Depuis 2010, des agents de préfecture effectuent des stages d'immersion en consulat, et inversement. Interview croisée de Caroline T., du consulat de France à Istanbul, et d'Arlette M., de la préfecture de Seine-Saint-Denis, qui ont participé à cette initiative de la direction de l'immigration et de l'intégration.
Je délivre des visas de long séjour à des ressortissants turcs qui souhaitent s'installer en France, soit parce qu'ils y ont trouvé un travail, soit parce que leur famille y vit déjà. J'instruis donc les demandes, convoque pour entretien, délivre ou refuse les visas, ou encore m'occupe des courts et des longs séjours en France. Le consulat d'Istanbul délivre près de 100 000 visas par an.
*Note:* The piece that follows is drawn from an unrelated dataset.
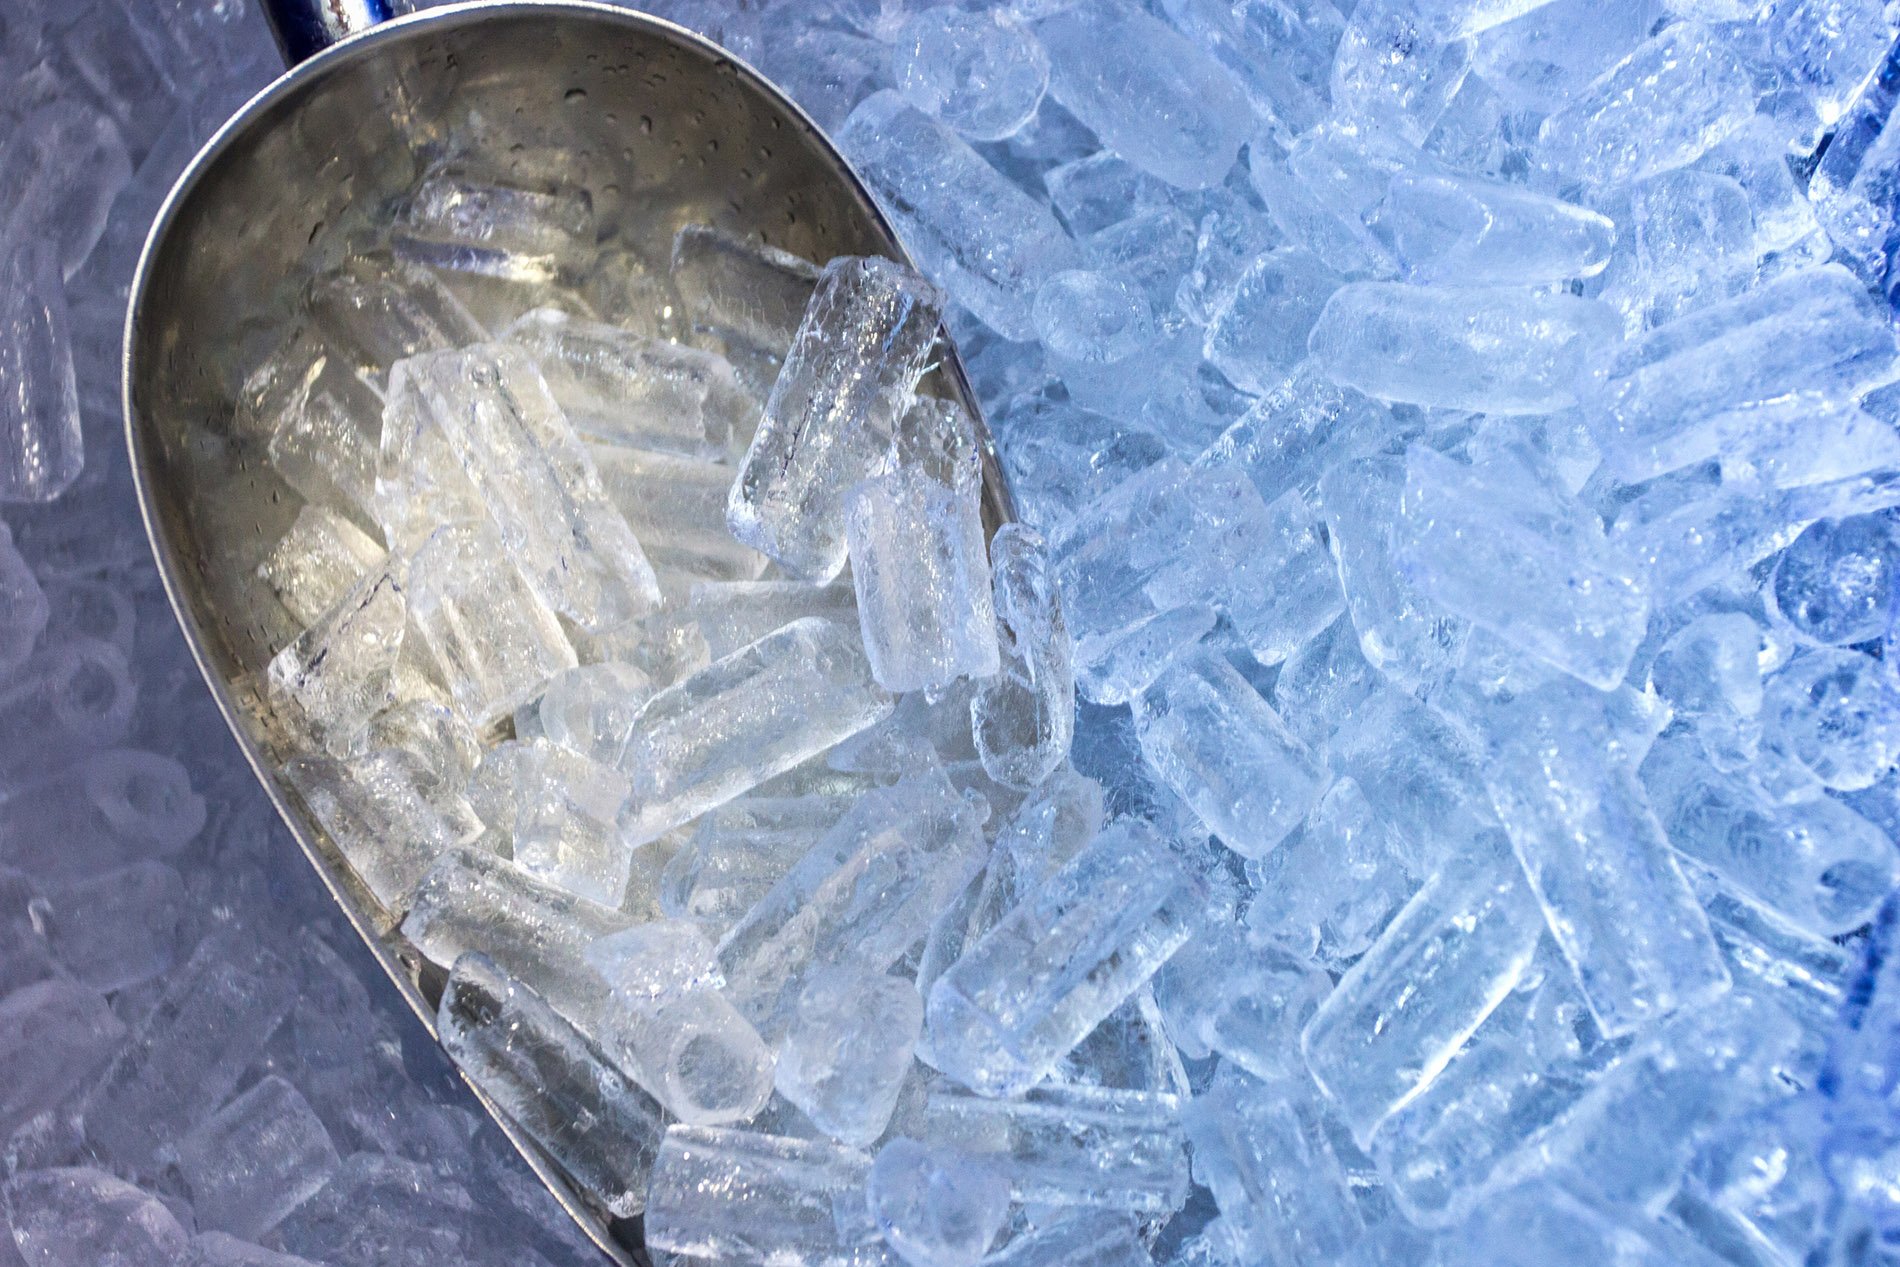 Ice Machine and aluminum scoop

De mon côté, j'ai en charge une direction de 125 agents répartis en six bureaux qui traitent du droit des étrangers, à la fois en matière de titres de séjour et de voyage, de refus de séjour, d'éloignement, de contentieux liés à ces mesures, de naturalisation et de toute la partie logistique de gestion de ces dossiers. Nous traitons 50 000 cartes de séjour par an, 12 000 documents de voyage, 1 500 demandes de regroupement familial, et accueillons chaque année près de 3 000 primo-demandeurs d'asile. En outre, la communauté turque est très importante en Seine-Saint-Denis puisqu'elle représente la cinquième plus importante communauté étrangère du département.
Je suis venue durant une semaine au sein de la direction de l'immigration et de l'intégration de la préfecture de Bobigny. Cela m'a permis de voir comment on y travaille une fois que le ressortissant turc, ou autre, arrive en France. Généralement, une fois que le visa est délivré et avisé sur le passeport par le consulat, on ne sait pas ce qui se passe ensuite en France, quelles sont les démarches en préfecture, les conditions d'acceptation d'un dossier, les procédures à suivre… Cette expérience me permet de mieux comprendre le fonctionnement de nos deux administrations, à la fois différentes mais complémentaires. J'ai été accueillie par les six bureaux que compte la direction, suis allée au guichet pour constater la diversité du public et de ses demandes, ai vécu le quotidien de mes collègues de préfecture…
À l'inverse, j'ai été accueillie durant une semaine au consulat de France d'Istanbul. J'y ai découvert son organisation, son fonctionnement, ses acteurs. J'ai également été reçue par le consul général, ou encore par l'office français d'immigration et d'intégration (OFII), avec qui je travaille ici au quotidien. Il a été très intéressant de voir travailler ensemble des agents du ministère des Affaires étrangères et des agents turcs recrutés localement et qui font le lien, notamment au niveau de la langue.
Je m'y suis rendue avec un grand nombre de questions sur des dossiers que nous connaissons bien en Seine-Saint-Denis.
Cet échange m'a permis d'aborder la question d'immigration de manière globale, notamment en observant l'ensemble des procédures. J'ai pu ainsi prendre un peu plus de recul sur ma mission. Dorénavant, lorsqu'un ressortissant turc m'interroge sur des questions particulières, je n'hésite pas à me rapprocher du réseau des préfectures pour
obtenir la bonne réponse.
C'est une manière de renforcer nos liens, de mieux connaître nos missions respectives et de développer notre relationnel. Ces échanges permettent à deux maillons d'une chaîne qui ne se connaissaient pas bien de se rapprocher, de se découvrir. Sous le vocable « immigration », l'intérêt est de rassembler des acteurs issus de ministères différents, comme l'Intérieur et les Affaires étrangères.
Je tiens à souligner que cette expérience a été très riche d'enseignement et m'a permis, dès mon retour, d'en tirer profit au quotidien dans mon travail. Enfin, j'ai gardé des contacts amicaux avec toute l'équipe des visas du consulat, dont Caroline.
Pour le secrétaire général à l'immigration et à l'intégration, ces échanges entre préfectures et consulats sont
un moyen de rapprocher des personnels, des responsabilités, des expertises, des savoir-faire professionnels exigeants dans des univers à l'origine différents, mais qui font partie d'un même ensemble et sont placés sous une même autorité en termes de pilotage de la politique d'immigration.
Cette expérience avait été lancée en 2004, à l'initiative du ministre de l'Intérieur, avec un premier rendez-vous à Marseille réunissant des préfets, des ambassadeurs et des consuls. Nous avons ensuite construit des formations croisées et, à partir de 2009, mis en place des stages qui sont des passerelles pour les personnels de préfectures et de consulats permettant d'observer les points communs et les spécificités professionnelles de chacun.
En 2010, une dizaine de consulats et de préfectures ont été concernés par cette initiative.